Vorrei perciò proporre l’inizio di un discorso su questi selci di Artena. Da secoli sorreggono umilmente passi, muli, cuori più o meno pesanti, processioni della Madonna, guerre e paci, invernate e primavere, e ultimamente troppe deiezioni animali e qualche slogamento. Quei sassi bianchi, consumati e fatti verbo dalla nostra storia, se ne stanno posati sulla terra e accostati l’un all’altro come fedeli in chiesa, come lavoratori in marcia, come tombe e come bambini appena nati, che di notte, sotto la pioggia, tacciono ridarelli a trasformare i riflessi dei fanali in stelle. Guardarli è un piacere, vederli andare via un dolore, sia che cedano sotto il peso dell’incuria o che vengano sepolti da cemento e blocchetti estranei, come è accaduto su Via Maggiore – la strada alla quale, mi diceva un amico, “hanno strappato l’anima”. E sì che quell’anima era povera, rattoppata, magari faceva storcere il naso ai turisti; ma sempre anima era, e la si vedeva anche tra le crepe e i danni e forse, anzi, proprio per quello.
A differenza del lastricato d’importazione, i selci originali non hanno bisogno del cemento, che anzi danneggia la loro resistenza elastico-meccanica e la permeabilità della strada. Come insegna chi ancora sa costruirli e posarli, piantati in sabbia e pozzolana si sostengono a vicenda producendo un corpo compatto la cui organica forza scorre per l’intero sistema viario. Però quando li si abbandona, come purtroppo è accaduto per troppo tempo nella disattenzione nostra, prima o poi qualcuno può staccarsi e rotolare via: e allora, se non s’interviene subito a mestiere, altri selci si staccano, la strada si affossa, la folla dei sassi fedeli si piega e si separa. Ed ecco allora arrivare il cemento, la soluzione pigra quando le pietre non sono più compatte e non si parlano più: lega ciò che già si è disunito e così tale disunione ratifica.

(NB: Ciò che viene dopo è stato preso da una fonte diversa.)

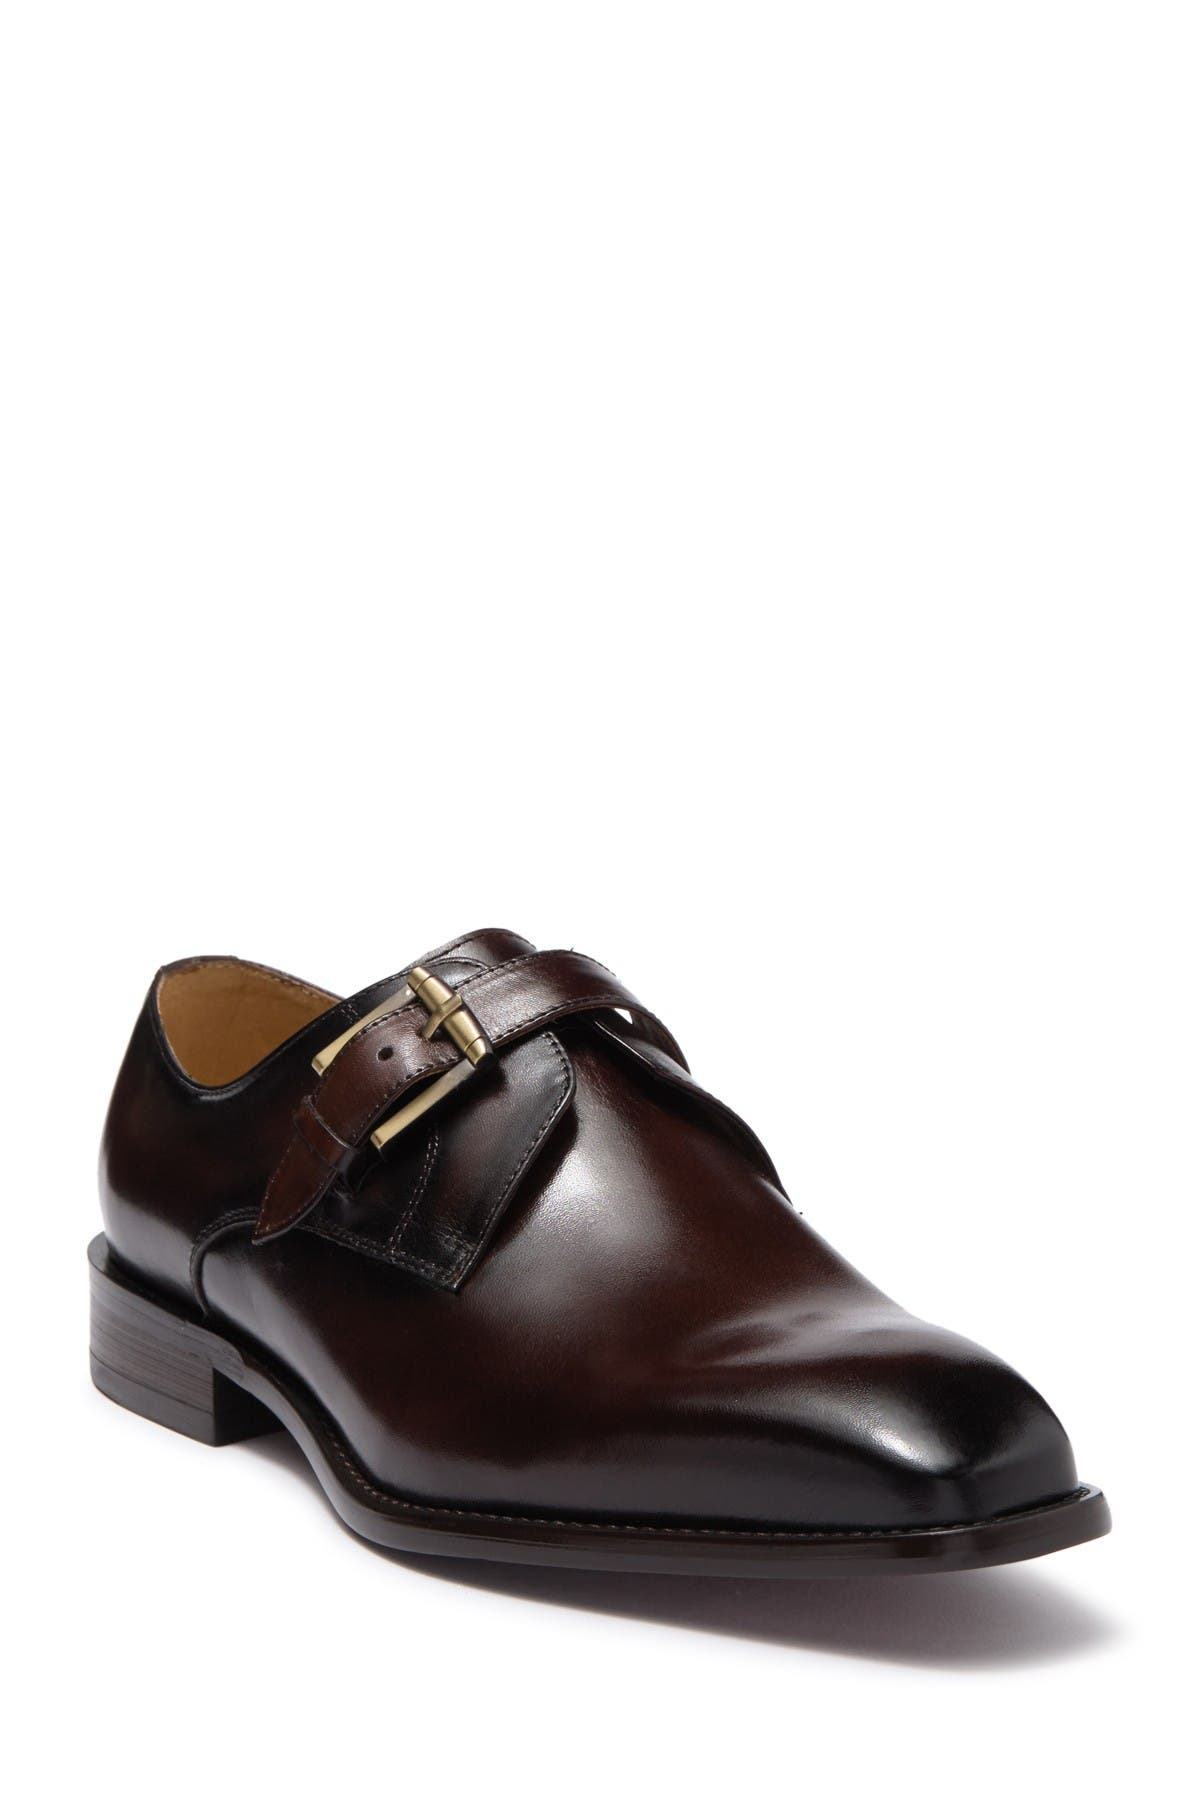 Maison Forte Davos Buckle Strap Leather Loafer In Chestnut

Artena è un gioiello povero. Inestimabile. Non ce ne sono di uguali al mondo. Io quando guardo i suoi sassi rivedo le teste dei suoi figli che tutti insieme entrano a Santa Croce, al tramonto, dietro alla Madonna delle Grazie. Tutti diversi e tutti uniti. Non posso immaginare la Madonna procedere su un acciottolato simile a quello di un centro commerciale o di una villa americana dove ogni sasso è uguale all’altro e dall’altro separato, indifferente, legato al suo posto per mera costrizione.